The Inland Revenue, when required to make major enhancements to its national insurance computer system (NIRS 2) to accommodate significant legislative changes, decided to award a contract extension to Accenture, its existing supplier. And, according to a report from the National Audit Office, published today, the contract extension:
- offered better value for money than the alternatives available for delivering the required enhancements on time; and
- improved the way in which the development work is managed and paid for.
The report to Parliament by NAO head Sir John Bourn highlights lessons for departments engaged in similar IT projects. It recommends, in particular, that departments must understand what the impact would be on their computer systems of major legislative changes – and develop strategies to manage the risks.
NIRS 2 (the National Insurance Recording System) was developed under the Private Finance Initiative by the former Department of Social Security to support the administration of the national insurance scheme. The contract was awarded to Accenture (then Andersen Consulting) in 1995. The Inland Revenue (who took over responsibility for the system in 1999) negotiated an extension to the contract to cover work needed to support significant changes to pensions and national insurance legislation proposed in 1998.
The original contract was worth up to £76 million, including the development work expected at that time. The contract extension will cost between £70 million and £144 million, depending on how much development work the Inland Revenue need to order.
The main conclusions of the report are as follows:
The original NIRS 2 contract proved insufficiently flexible in catering for the significant legislative changes proposed in 1998. The scale of change arising from new legislation was considerably beyond the level expected when the contract was agreed and exceeded the levels allowed for in the contract. Although the former Department of Social Security assessed the implications of individual changes to pensions and national insurance legislation, at the point when responsibility for the system was transferred to the Inland Revenue, neither Department was in a position to determine their aggregate impact on NIRS 2.
A contract extension offered better value for money to the Inland Revenue to deliver the required enhancements within the timescale required than the alternatives available. The Inland Revenue looked at technical and contractual alternatives to using NIRS 2 to support the new legislative requirements. Their work showed that Accenture’s unit costs compared closely with the comparators. But the estimated £44 million cost of breaking the contract effectively ruled out the option of using alternative suppliers for the development work.
The contract extension has improved the way in which development work is managed and paid for. The Inland Revenue’s contract management arrangements for the extension adhere closely to current guidance on risk management in PFI contracts and information technology projects.

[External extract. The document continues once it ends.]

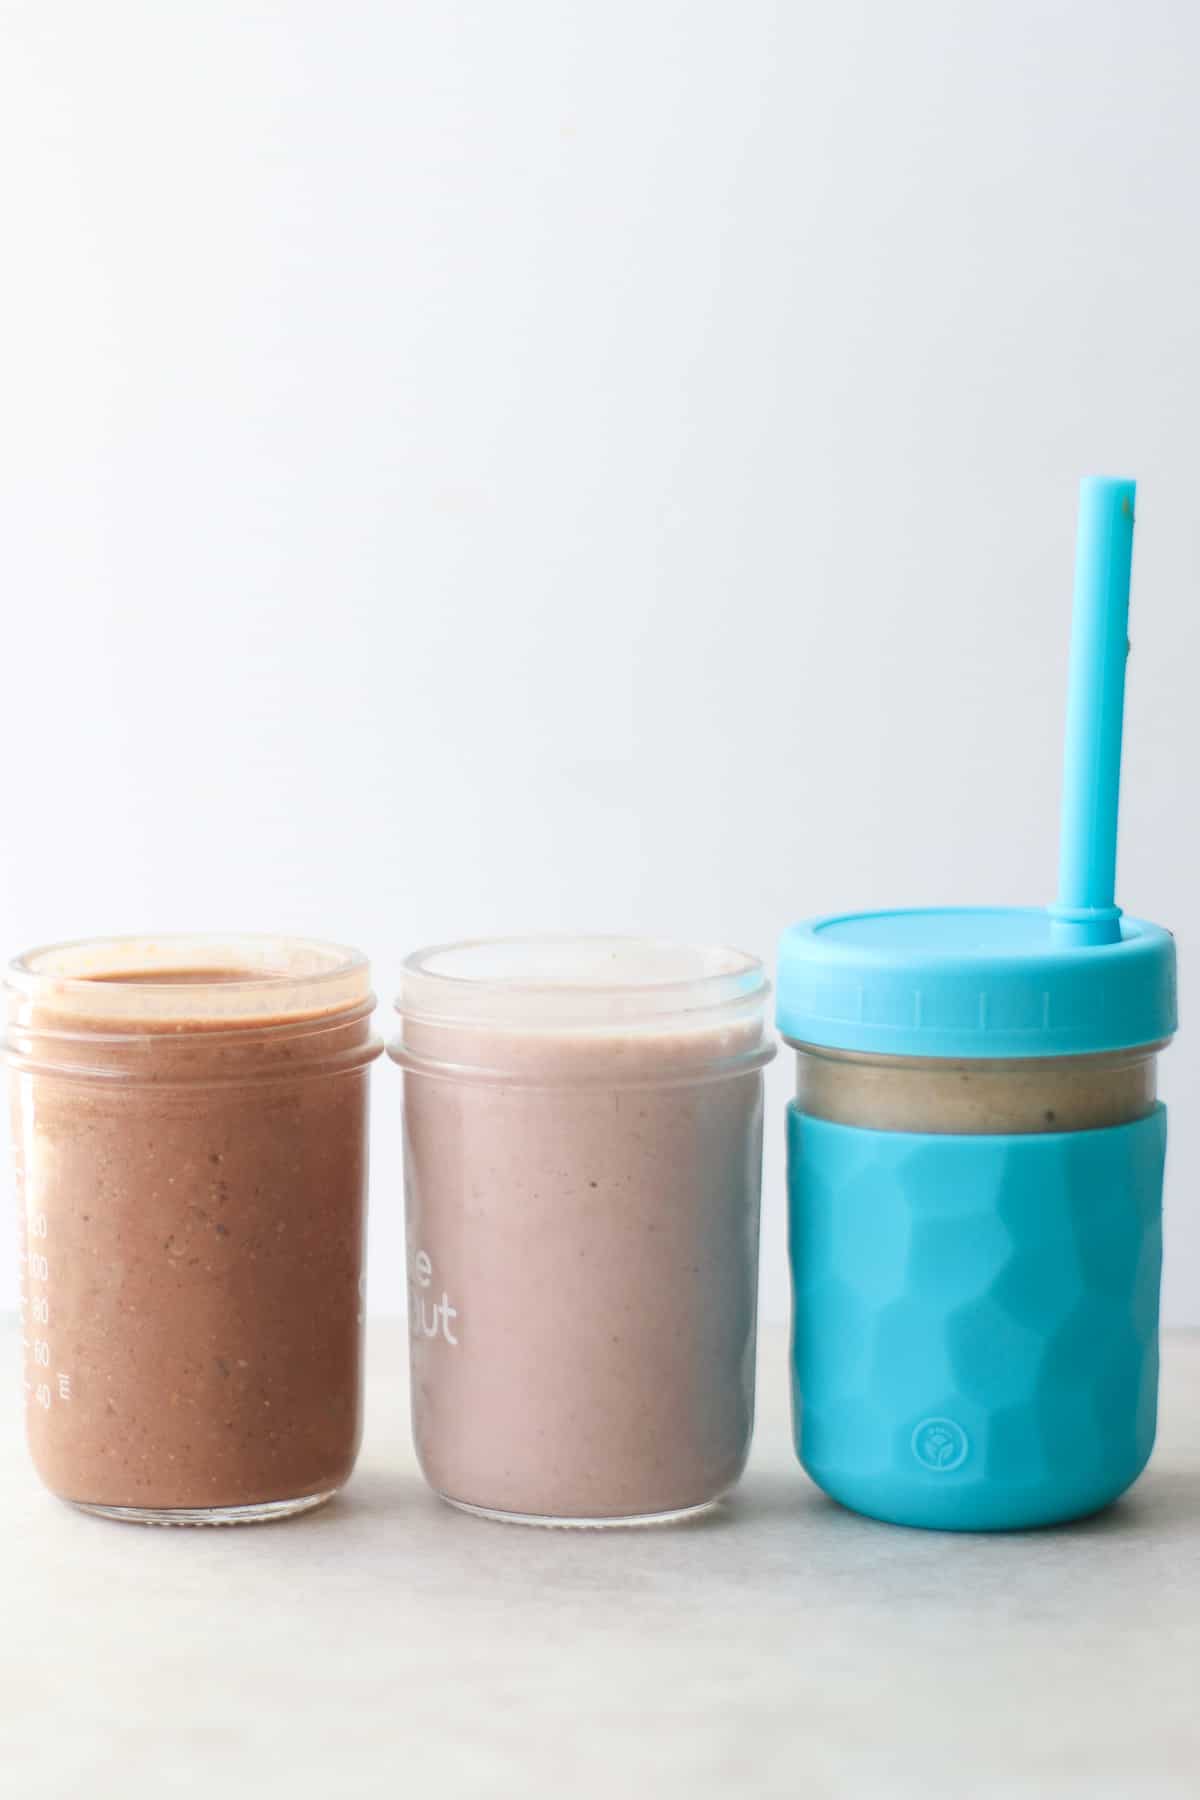 3 banana milkshake flavors in glass jars and a straw for one on the right.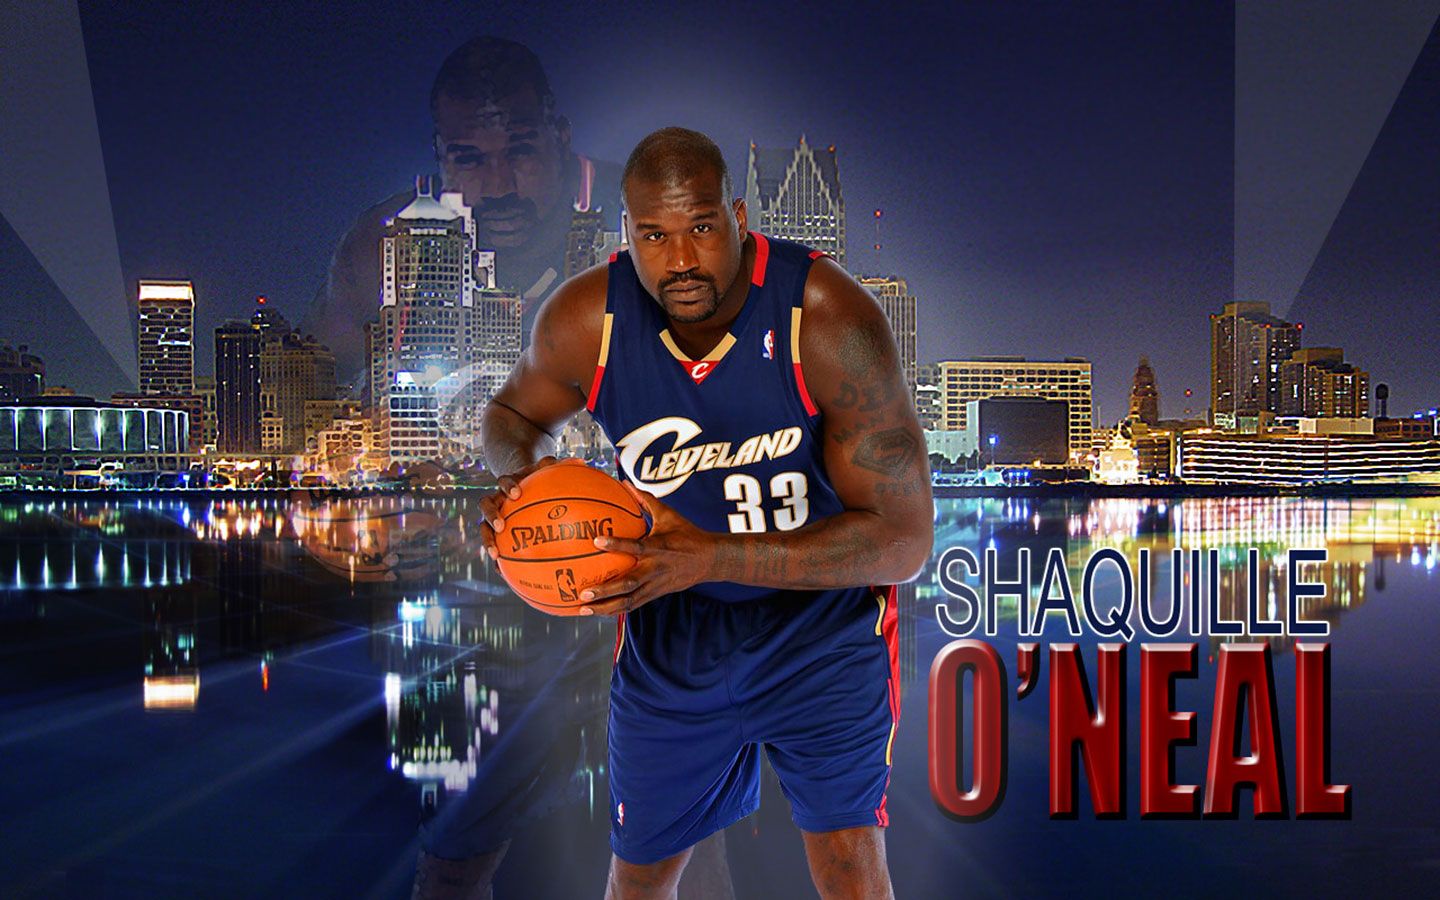 Shaquille O Neal Wallpapers, 4k Ultra Hd Wallpapers - Shaquille O Neal Cavs - HD Wallpaper

Had this guidance been available at the time, it would have led to contractual and operating arrangements considerably different from those originally adopted for NIRS 2. The new arrangements have achieved improvements in the relationship between the parties and in the delivery of system enhancements, addressing weaknesses identified previously by the Public Accounts Committee.
There are some important lessons for departments. Departments should consider whether contracts should include specific mechanisms to deal with major enhancements of this nature. This might involve the reintroduction of competition or inviting the bidders to propose a separate pricing structure for major enhancements as part of the initial tendering process. And, in advising Ministers on the implications for existing information technology systems of fixing deadlines for major legislative change, departments need to understand the impact on their systems, individually and in aggregate, and develop strategies to manage the resulting risks.